KKWD
- Bethany, Oklahoma; United States;
- Broadcast area: Oklahoma City metropolitan area
- Frequency: 104.9 MHz
- Branding: Alice 104.9

Programming
- Format: Adult hits

Ownership
- Owner: Cumulus Media; (Radio License Holding CBC, LLC);
- Sister stations: KYIS, KATT-FM, WWLS-FM, WKY

History
- First air date: October 1, 1965 (as KNBQ)
- Former call signs: KNBQ (1965–1971) KGOY (1971–1978) KJIL (1978–1990) KNTL (1990–2000) WWLS-FM (2000–2002) KQBL (2002–2003) WWLS-FM (2003–2006)
- Call sign meaning: Wild (previous format)

Technical information
- Facility ID: 6509
- Class: A
- ERP: 6,000 watts
- HAAT: 100 meters (330 ft)

Links
- Webcast: Listen live
- Website: alice1049.com

= KKWD =

Radio station in Bethany–Oklahoma City, Oklahoma

KKWD (104.9 FM, "Alice 104.9") is an adult hits radio station serving the Oklahoma City area. The Cumulus Media outlet broadcasts at 104.9 MHz with an effective radiated power of 6 kW and is licensed to Bethany, Oklahoma. Its studios are in Northwest Oklahoma City, and the transmitter is on the Westside.

==History==

===Early years===
The station was on the air as Top 40 KNBQ in 1965 from the Coronado Shopping Center at 39th and MacArthur (NE Corner). In 1971 the station flipped to gospel and changed its call sign to KGOY (K-JOY). In 1978 the station was broadcasting inspirational music, then switched to a Christian Adult Contemporary format with the call sign KJIL ("Jesus Is Lord"). Shortly after being bought by Broadcast Equities, the station call sign was changed to KNTL ("News Talk Leader") on March 19, 1990. On April 20, 1991, KNTL became "The Light 105", and began broadcasting a contemporary Christian music format. Bott Radio Network acquired the station in November 1994, and kept the format until 1996, when it became Christian Teaching.

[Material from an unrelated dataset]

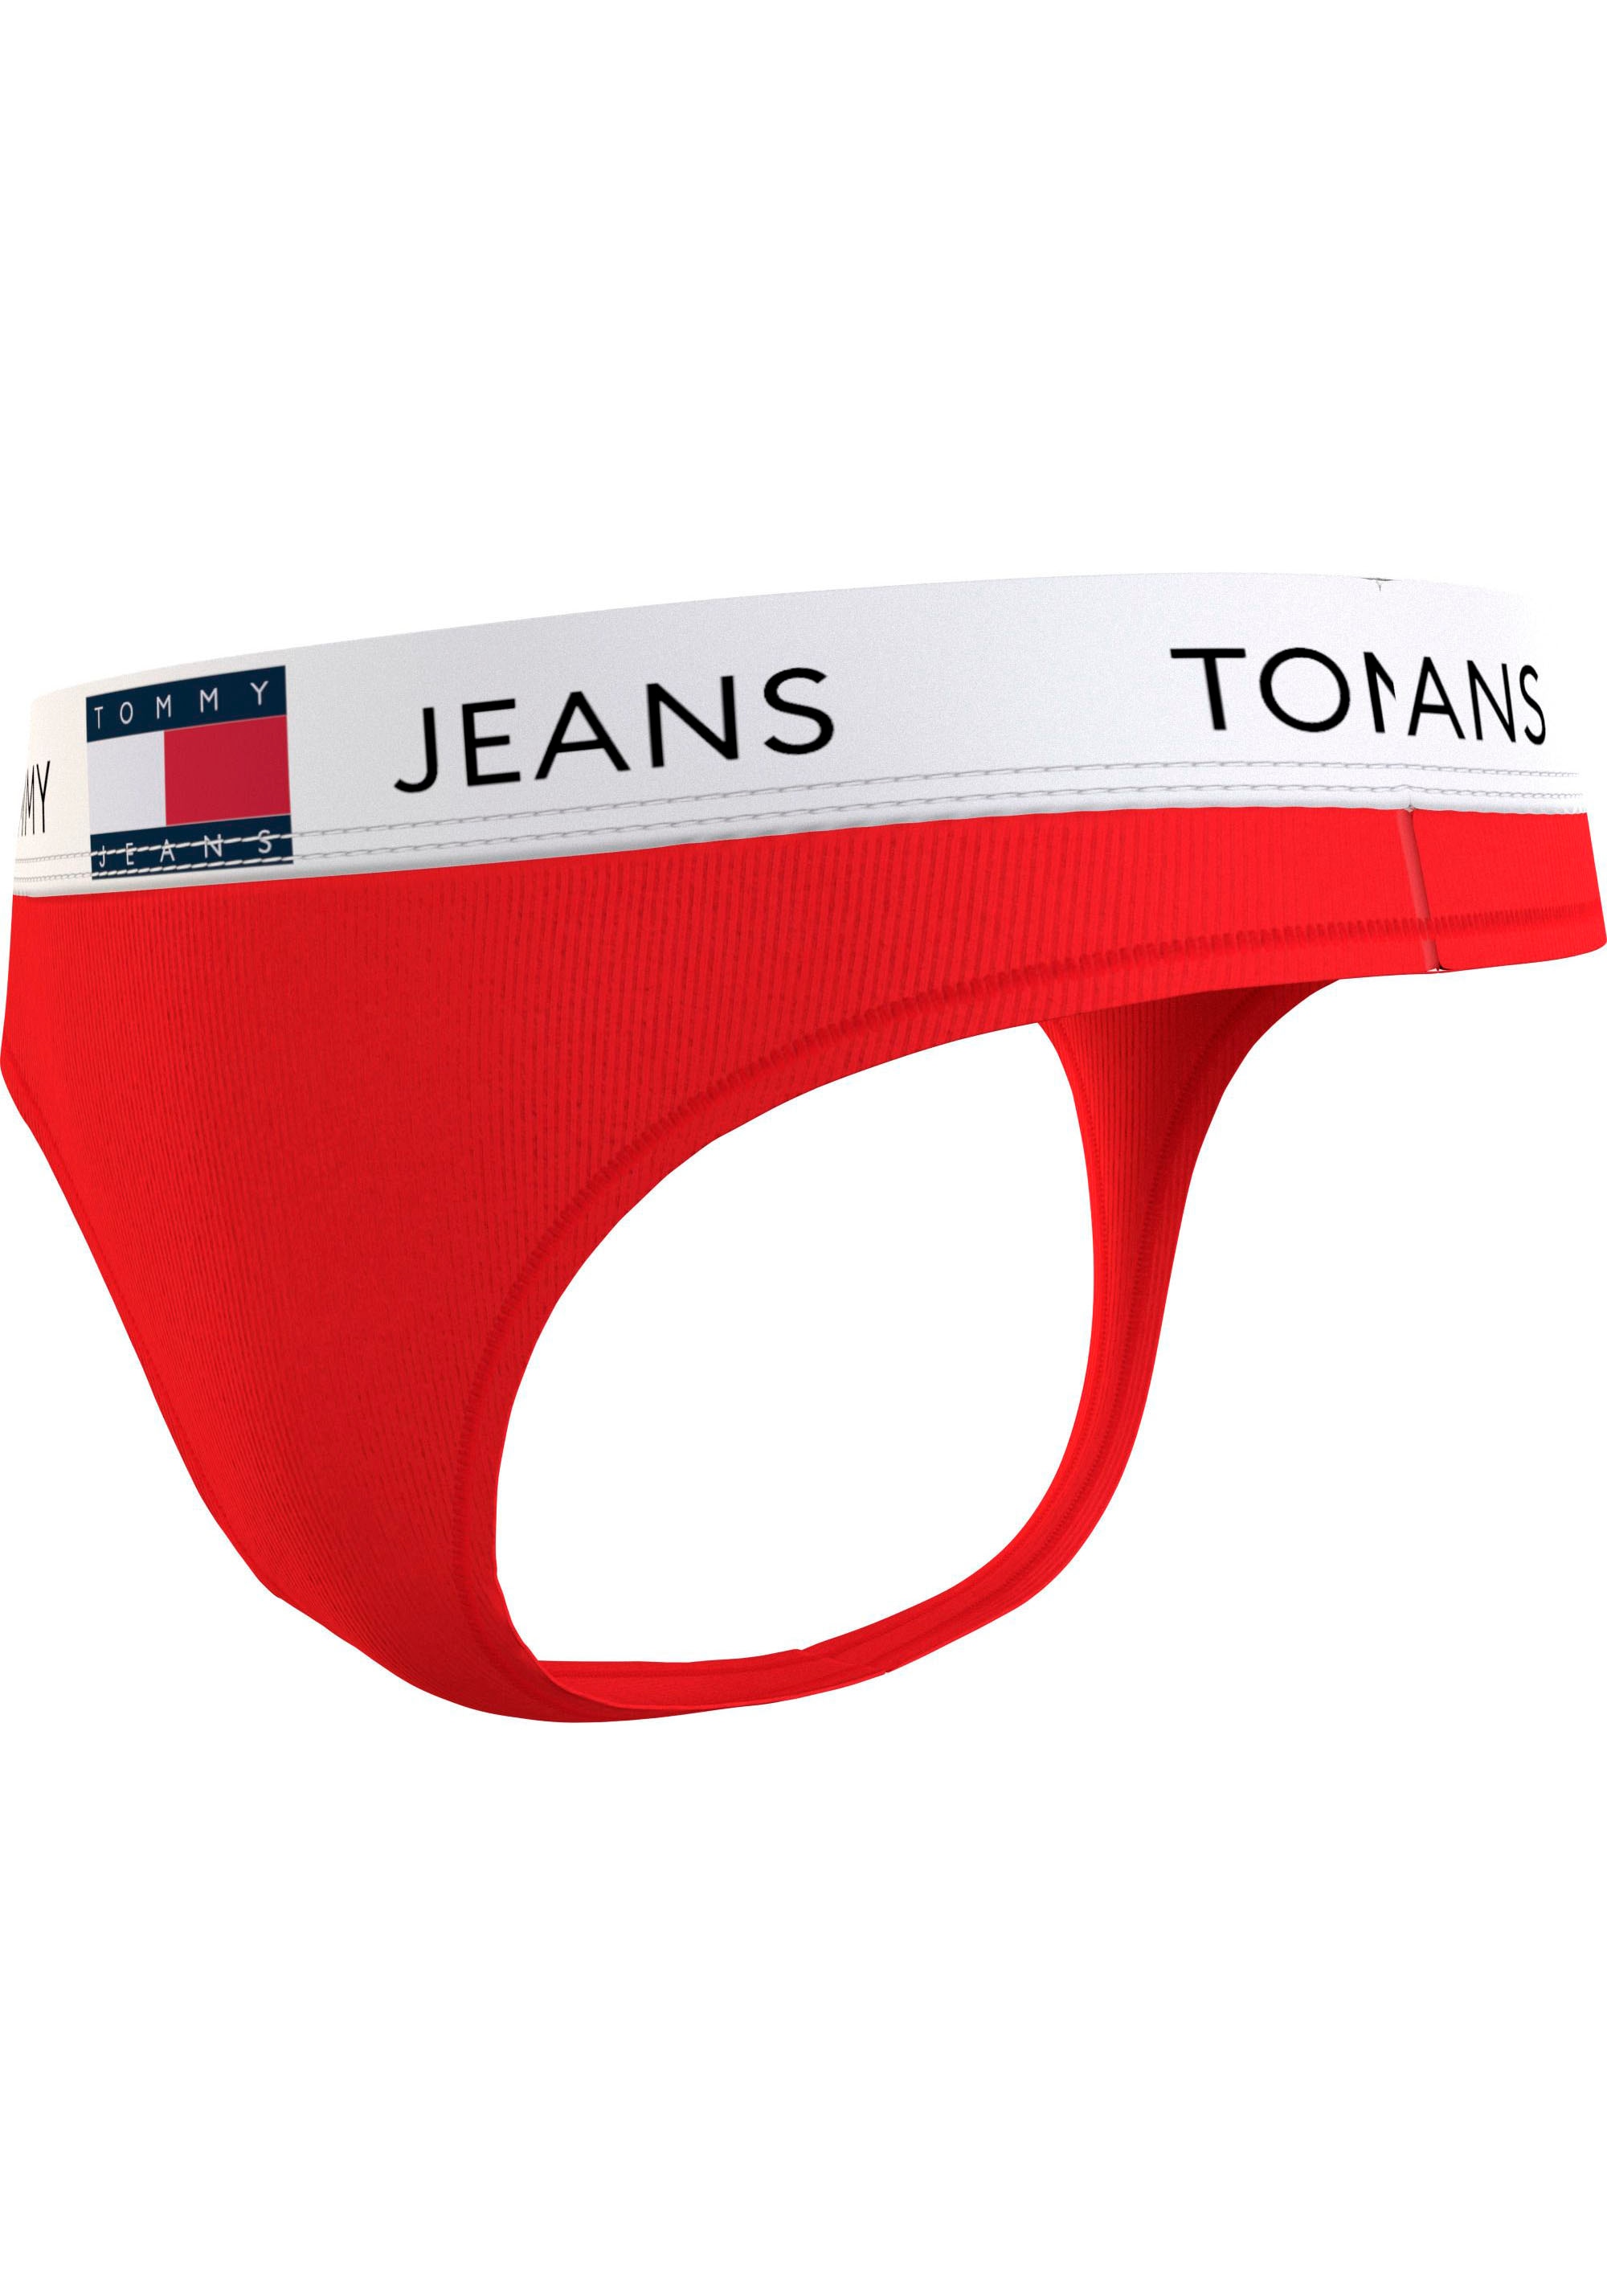 mit T-String Tommy SIZES)«, Online im elastischem OTTO (EXT Bund Underwear Hilfiger Shop »THONG
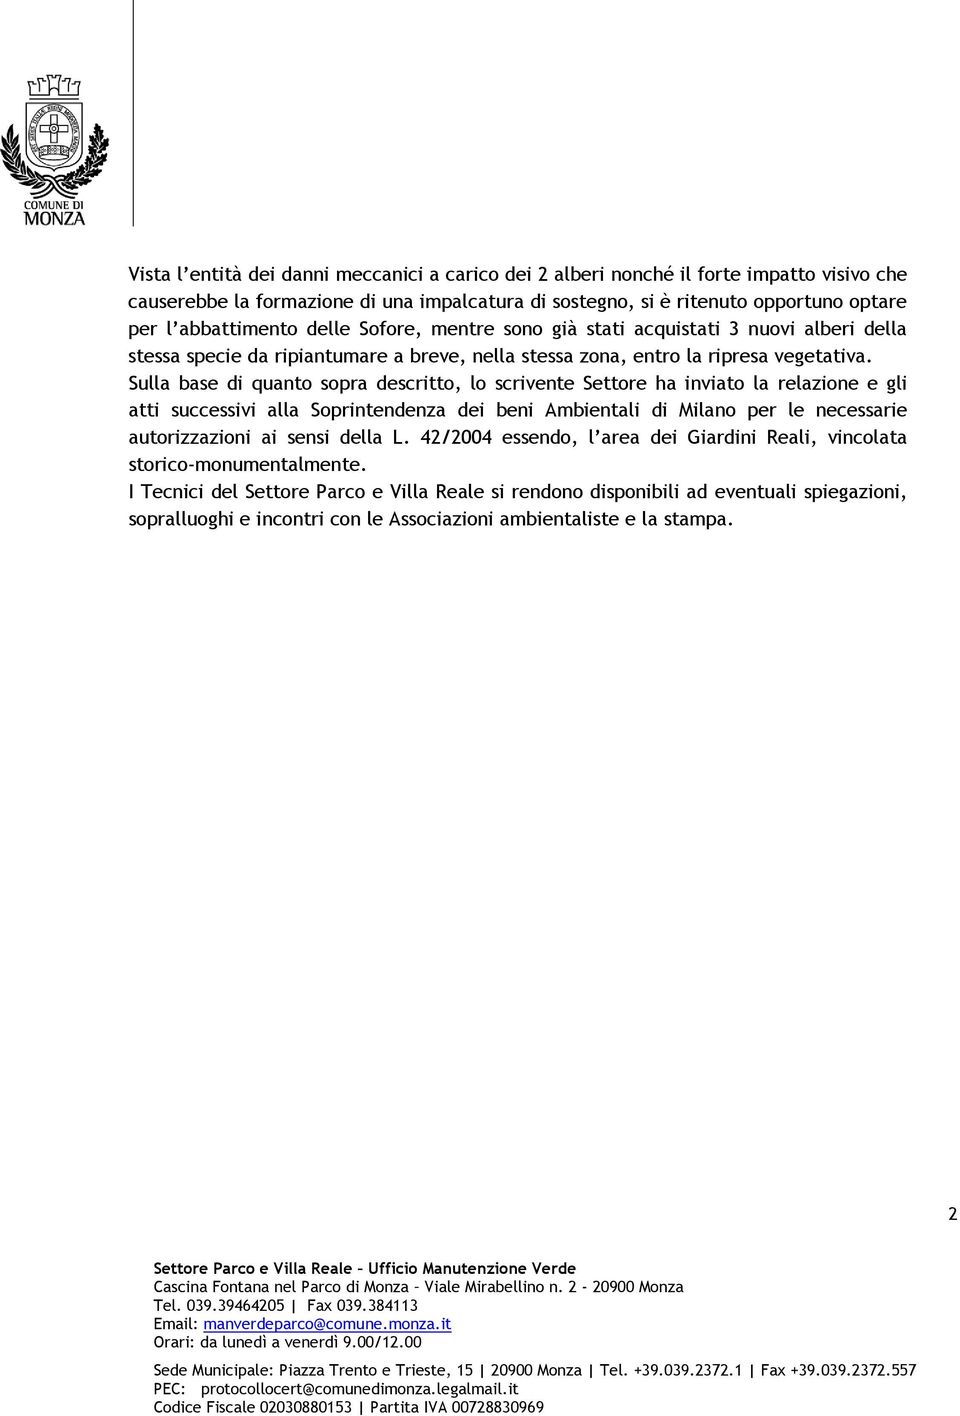 Sulla base di quanto sopra descritto, lo scrivente Settore ha inviato la relazione e gli atti successivi alla Soprintendenza dei beni Ambientali di Milano per le necessarie autorizzazioni ai sensi

Citadel Broadcasting purchased the station, along with "SportsRadio 640" WWLS-AM and the intellectual property and format of "Sports Talk 1340" KGHM (then KEBC), in 1998. The purchase was finalized May 4, 1998, but the format was changed in advance (January 17, 1998) to sports talk. The station was known as WWLS-FM ("The Sports Animal”), a mirror of WWLS-AM, but on April 11, 2002, the Sports Animal moved to 105.3 FM. WWLS-FM then became "K-Bull" with the calls KQBL and adopted a country format. The country format did not last long; on December 27, 2002, the station returned to sports-talk “WWLS The Sports Animal." The station still operated under the KQBL calls until the WWLS-FM calls returned on March 6, 2003.

===WILD 104.9===

Former "Wild 104.9" logo

On October 23, 2006, KKWD swapped frequencies with sister station WWLS-FM and moved to the 104.9 frequency from 97.9 FM in order to have a new high definition signal. Under its rhythmic contemporary format, KKWD primarily competed with Top 40 rival KJYO, as well as rimshot urban contemporary rival KVSP.

KKWD has been known for its outlandish stunts since its January 2000 launch, such as the April Fools' Day stunts where the on-air announcers from sister KINB performed all shifts in Spanish and where the station ran a continuous loop of the song "Wild Thing" by Tone Lōc for two consecutive weeks. Most recently, after a change in on-air presentation, the station was "quarantined" by a fictional government agency due to the possibility of an "epidemic" among the station's staff; at the end of the stunt it was revealed that the station in fact had "Spring Fever" in reference to an upcoming station concert.

Citadel Broadcasting relinquished 11 of its radio stations including KKWD to The Last Bastion Station Trust, LLC upon merger of many ABC Radio stations. However, as of June 19, 2008, Arbitron has expanded Oklahoma City's market definition allowing Citadel to own 5 FM stations in the said area, at which time Citadel Broadcasting applied to re-acquire KKWD from The Last Bastion Station Trust, LLC with the FCC. According to FCC documents, KKWD was re-absorbed into Citadel's station portfolio on July 9, 2009.

Following the purchase of Citadel Broadcasting by Cumulus Media in September 2011, KKWD's format was tweaked to focus heavier on older, more familiar hits from the past fifteen years with a de-emphasis on newer music and only adding currents by high-profile artists and/or are chart-toppers. In early 2016, the station was tweaked back to its original current-focused format.

===Alice 104.9===
At approximately 3:15 p.m. on May 23, 2022, after playing "Freaky Deaky" by Tyga and Doja Cat and "Wild Thing" by Tone Loc, KKWD began stunting with construction sounds. At 5 p.m., KKWD flipped to adult hits, branded as "Alice 104.9". The flip brings the format and "Alice" moniker back to the market for the first time since KQOB dropped it nearly six months prior as part of Cumulus ending a local marketing agreement with that station's owners (KQOB now airs a news/talk format simulcasting KZLS). The first song on the revived "Alice" was "Don't Stop Believin'" by Journey.